Como abordamos na matéria “Ferro, essencial à vida”, nosso organismo não produz naturalmente esse mineral, que precisa ser obtido através de alimentos de origem animal (carnes vermelhas e miúdos) e vegetal (frutas, leguminosas, vegetais verde escuro, grãos integrais, entre outros).

Há muitas maneiras de potencializar a absorção de Ferro pelo organismo. A boa notícia? Você mesmo pode cuidar desse assunto, ou seja, zelar pela sua saúde:

– Consuma alimentos ricos em Vitamina C (laranja, caju, goiaba, abacaxi, limão, tangerina, kiwi, tomate, manga, morango, maracujá, caqui, pimentão, acerola, entre outros) e evite, na mesma refeição, fontes de cálcio (iogurte, leite, pudim, queijo) e bebidas ricas em cafeína (café, chá preto e chá mate), que inibem a absorção deste mineral.

– Antes de consumir cereais integrais (arroz) e leguminosas como o feijão, soja, grão de bico, lentilha, deixe-os de molho por 12 horas para diminuir o teor de ácido fítico (descarte a água após esse período), que dificultam a absorção do Ferro.

– Repolho, couve, brócolis, couve-flor e agrião: de preferência, sirva cru, pois perdem Ferro e Vitamina C com o vapor ou água do cozimento. Já o espinafre é o oposto, quando fervido, o Ferro presente fica mais disponível para absorção por conta da liberação do oxalato, composto liberado na água.

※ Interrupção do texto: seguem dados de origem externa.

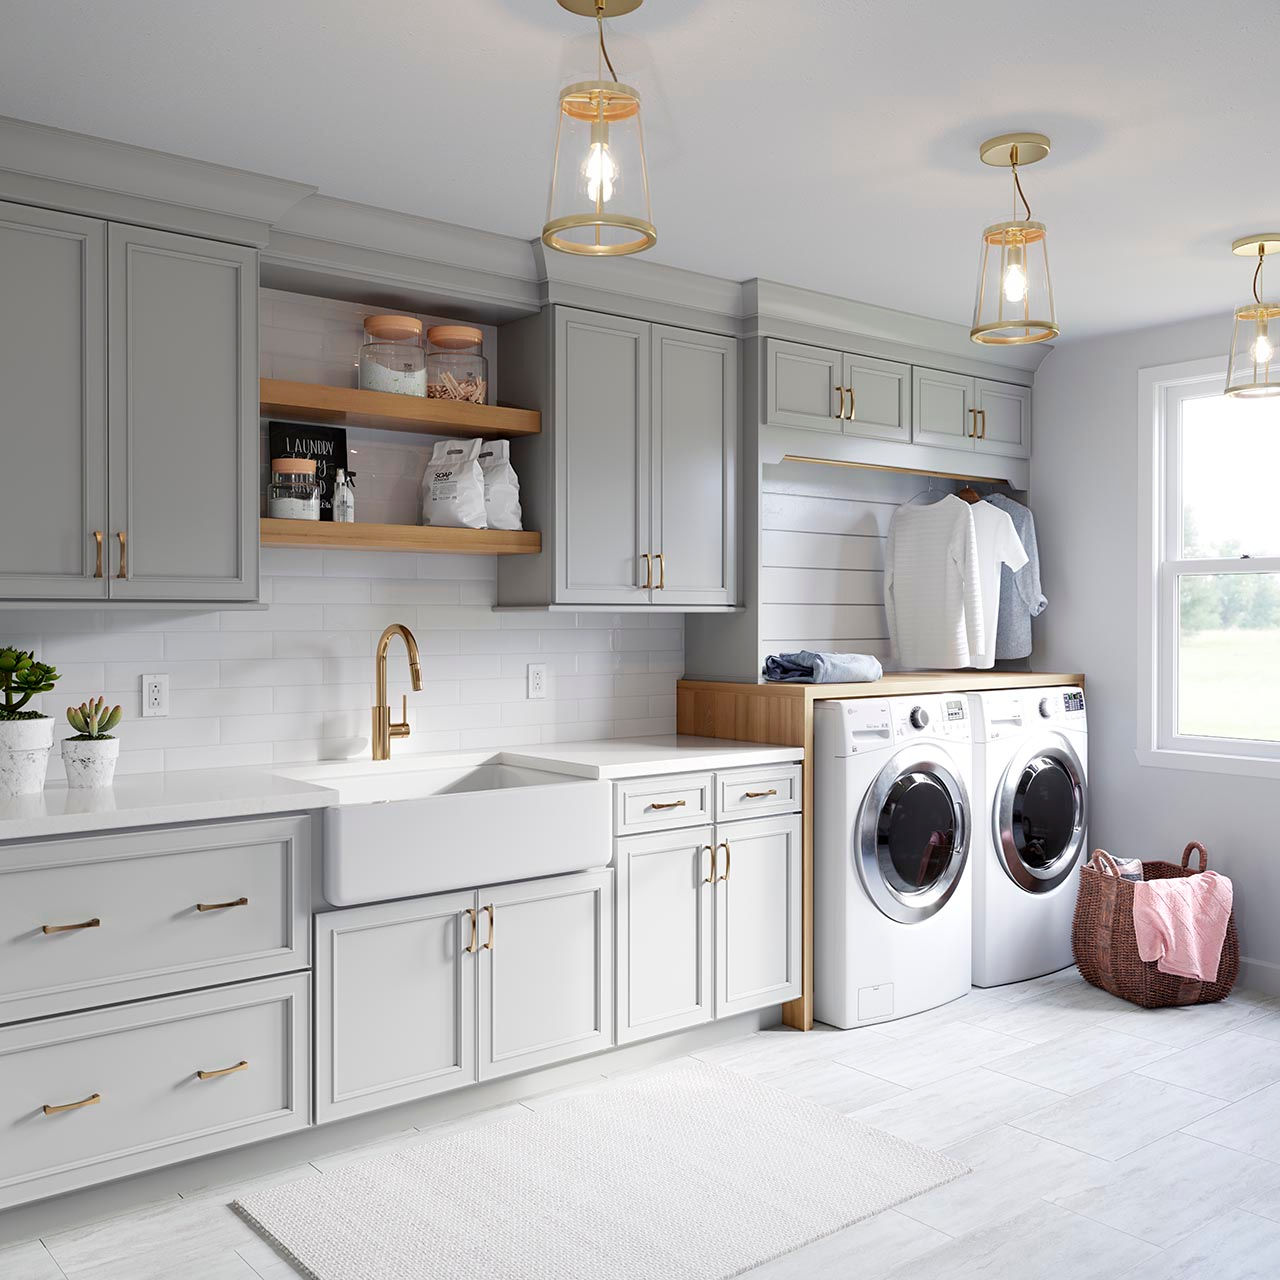 Creating Your Dream Laundry Room with Built-Ins

– Dê preferência para que o cálcio e café sejam consumidos em maior parte no período da manhã e os alimentos fontes de ferro, no almoço e jantar.

– Troque o café, após o almoço, pelo suco de laranja ou aguarde no mínimo 30 minutos para consumi-lo.

– Cozinhar em panela de ferro aumenta a quantidade de ferro em alimentos com baixo teor desse nutriente, como o arroz.

E lembre-se: caso precise de uma adequação em sua alimentação, procure um nutricionista ou nutrólogo para uma prescrição correta para regular o Ferro no organismo e em sua rotina. Se cuidar faz bem.